13 types of fruits, 13 type of sweets, 13 luchis, 13 fried vegetable items, basanti pulao and many other food items are offered to the deity. The number 13 has a special significance. 12 fruits signifies the 12 months of a year and 1 fruit for the worshipper who is performing the rituals. Red coloured "dhagas" with 13 knots are tied on the hands of both men and women after they break their fast, as a Maa Bipattarini's symbol to protect them from any danger. Besides, special puja is also given to Maa Bipadtarini on the day of Navami of Durga Puja every year.

== Arati ==
One of the main spiritual attractions at the temple is the divine "Sandhya Arati". It starts at 5 after Shiv-ratri and then 4:30 in the evening. With the sound of dhak and knasha, the priest starts with preaching the vanis, followed by the Sandhya Arati. The divine grace of the Sandhya Arati is believed by her devotees to be an essential event to observe, even after worshipping the deity.

== Temple complex ==
The temple complex also houses deities of other Hindu gods and goddesses. To the left of Maa Bipadtarini Chandi is the idol of Lord Jagannath. On further left is the idol of Radha Krishna. On the right of Maa Bipadtarini Chandi is the picture of Baba Dulal, the establisher of the temple. On further right is a smaller idol of Maa Bipadtarini. On further right is a idol of Maa Kali. In the front right is a Shiva Lingam and in the front left is a small statue of Maa Lakshmi. In the front, at the centre of the main temple is a place where the bhog is served to the deities. At the base of the marble platform on which the idols of these deities are placed, are several other smaller idols of many other Hindu deities.
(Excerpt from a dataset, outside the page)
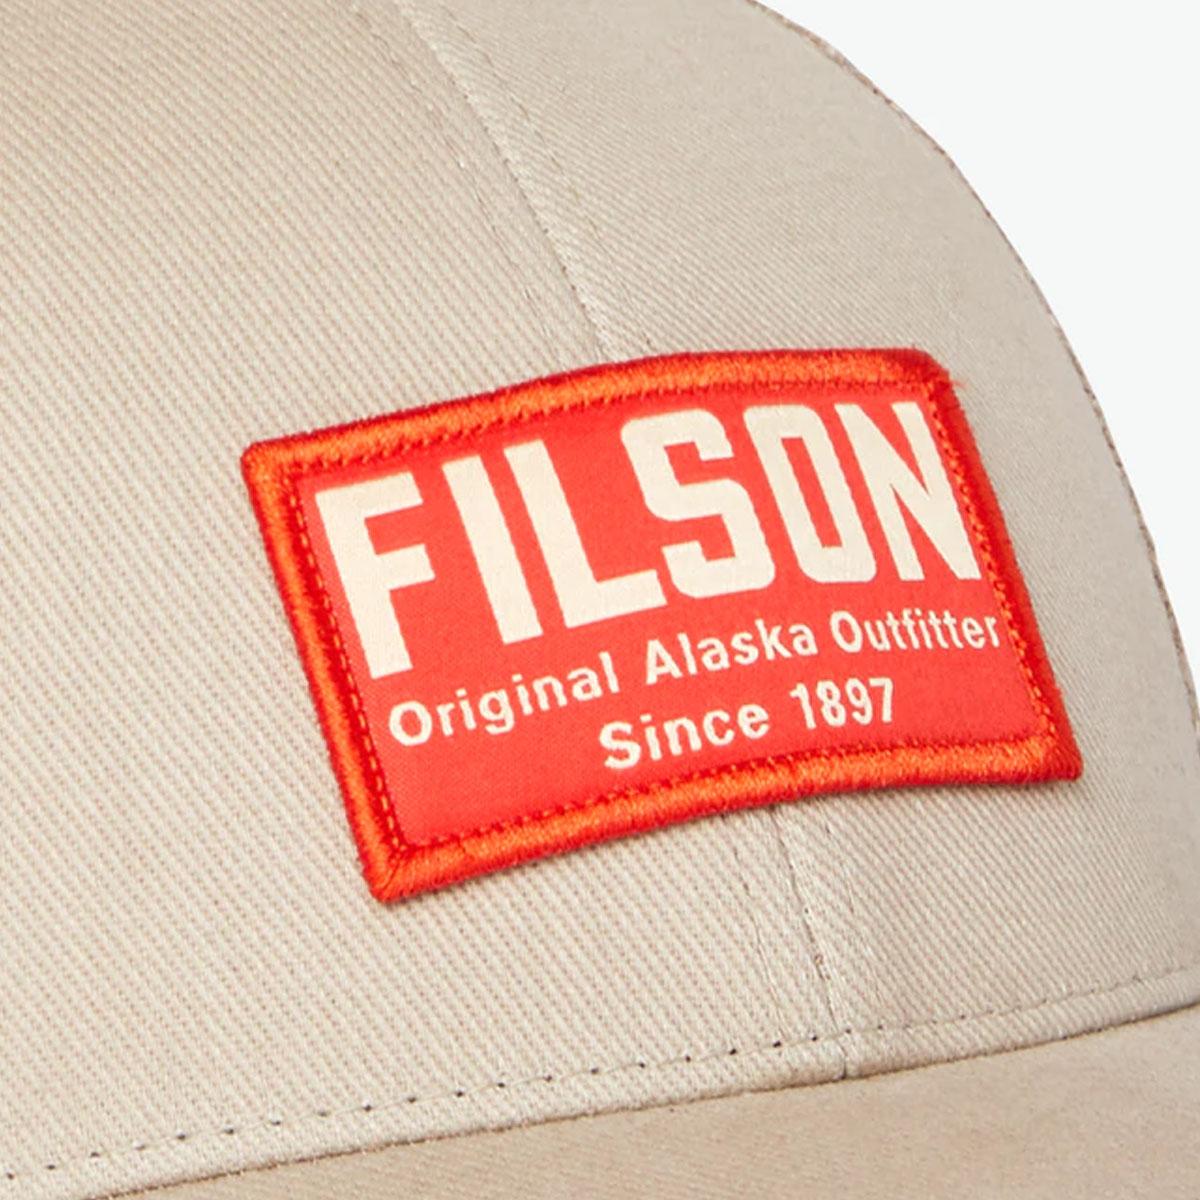 Filson Mesh Snap-Back Logger Cap 20204520-Khaki, Robustes 6 Panel Logger Cap mit Mesh Panels für optimale Belüftung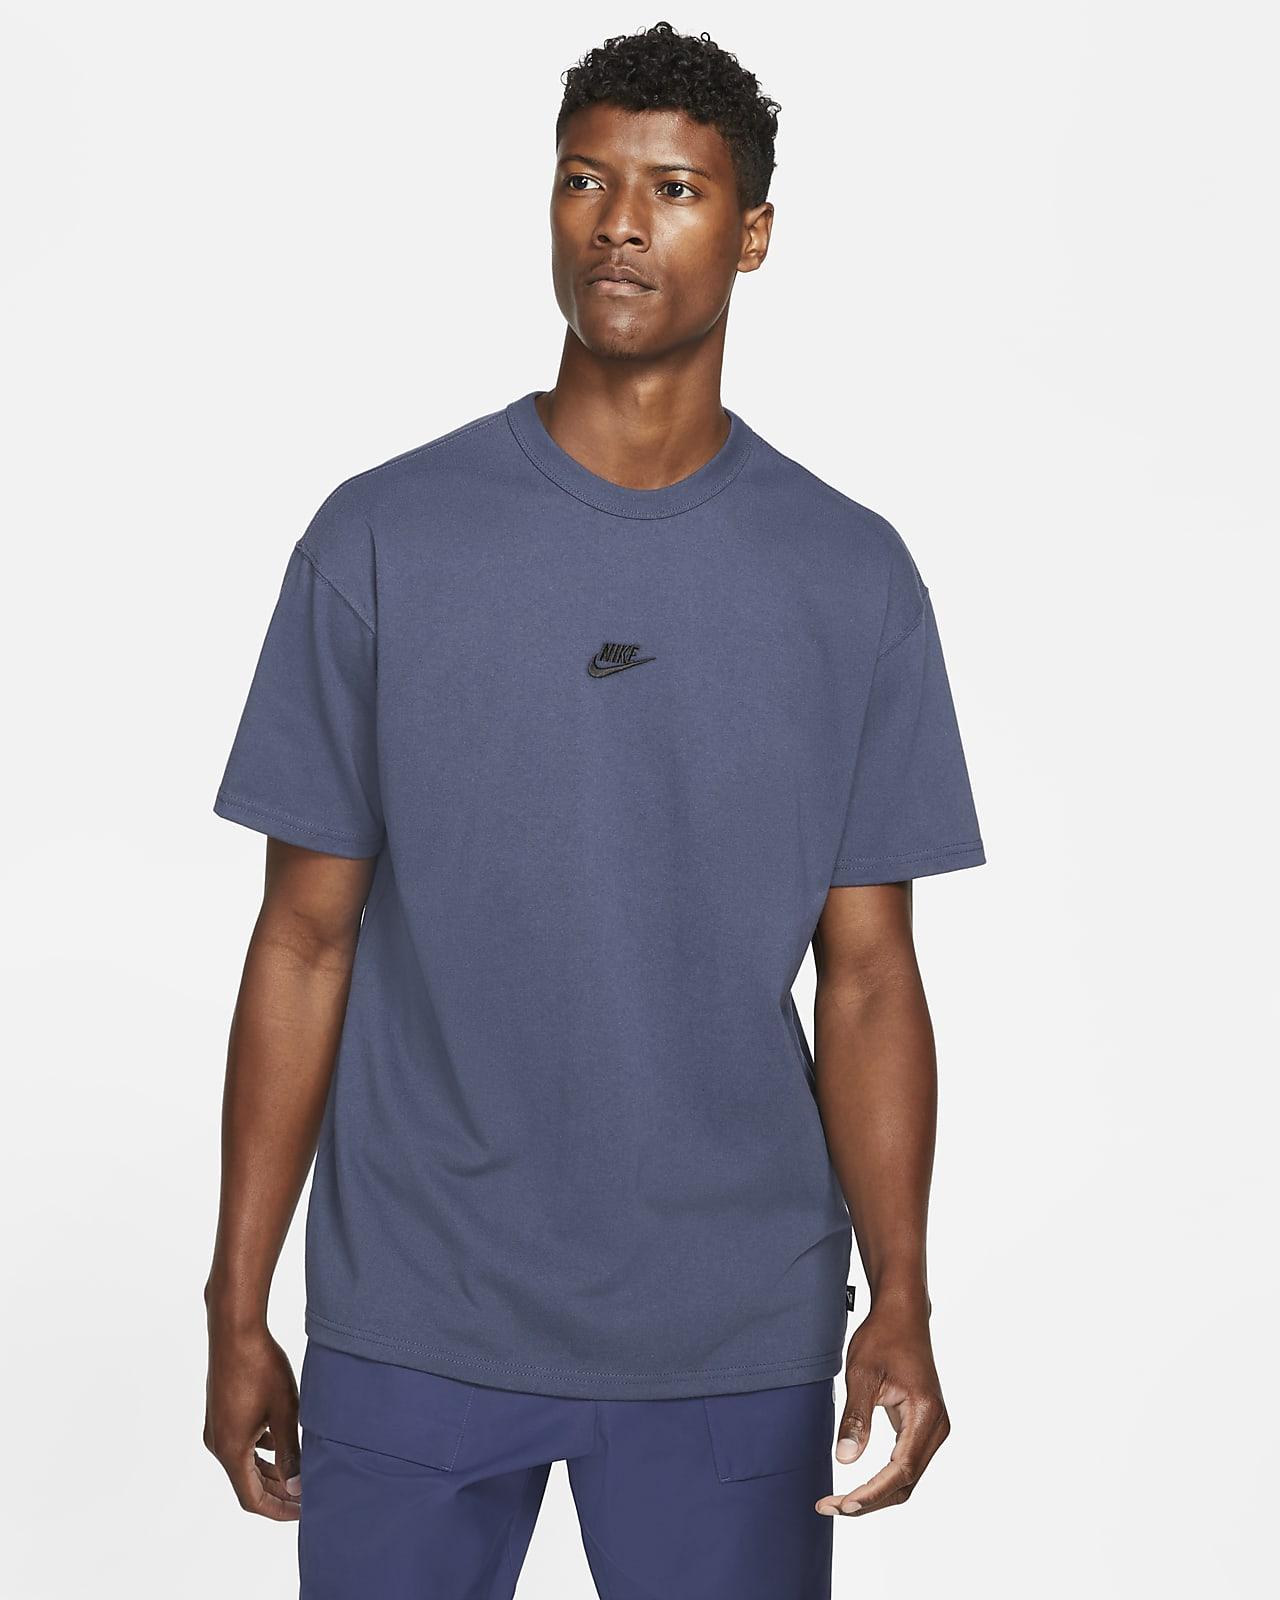 T-shirt Nike Sportswear Premium Essential för män

All around the temple, there are deities of several other Hindu gods and goddesses including Maa Durga killing the demon Mahishasura and Narasimha Bhagwan killing the demon Hiranyakashipu. In the temple complex, there is also a sub-temple dedicated to Baba Dulal and Shakti Sadhana Devi. Their white stone statues are established inside the temple.

The sacred Aegle marmelos tree is surrounded by a fence beyond which commoners cannot go. They have to worship it from outside the boundary. The base of the tree is covered by red marble stones and the tree base is adorned with garlands made of jasmine, yellow and orange marigold, rose, tuberose and chrysanthemum. Close to the Aegle marmelos tree is the house of Baba Dulal and his wife. The room in which he meditated has been maintained along with his belongings. Devotees visit the room after offering their puja to Maa Bipadtarini Chandi.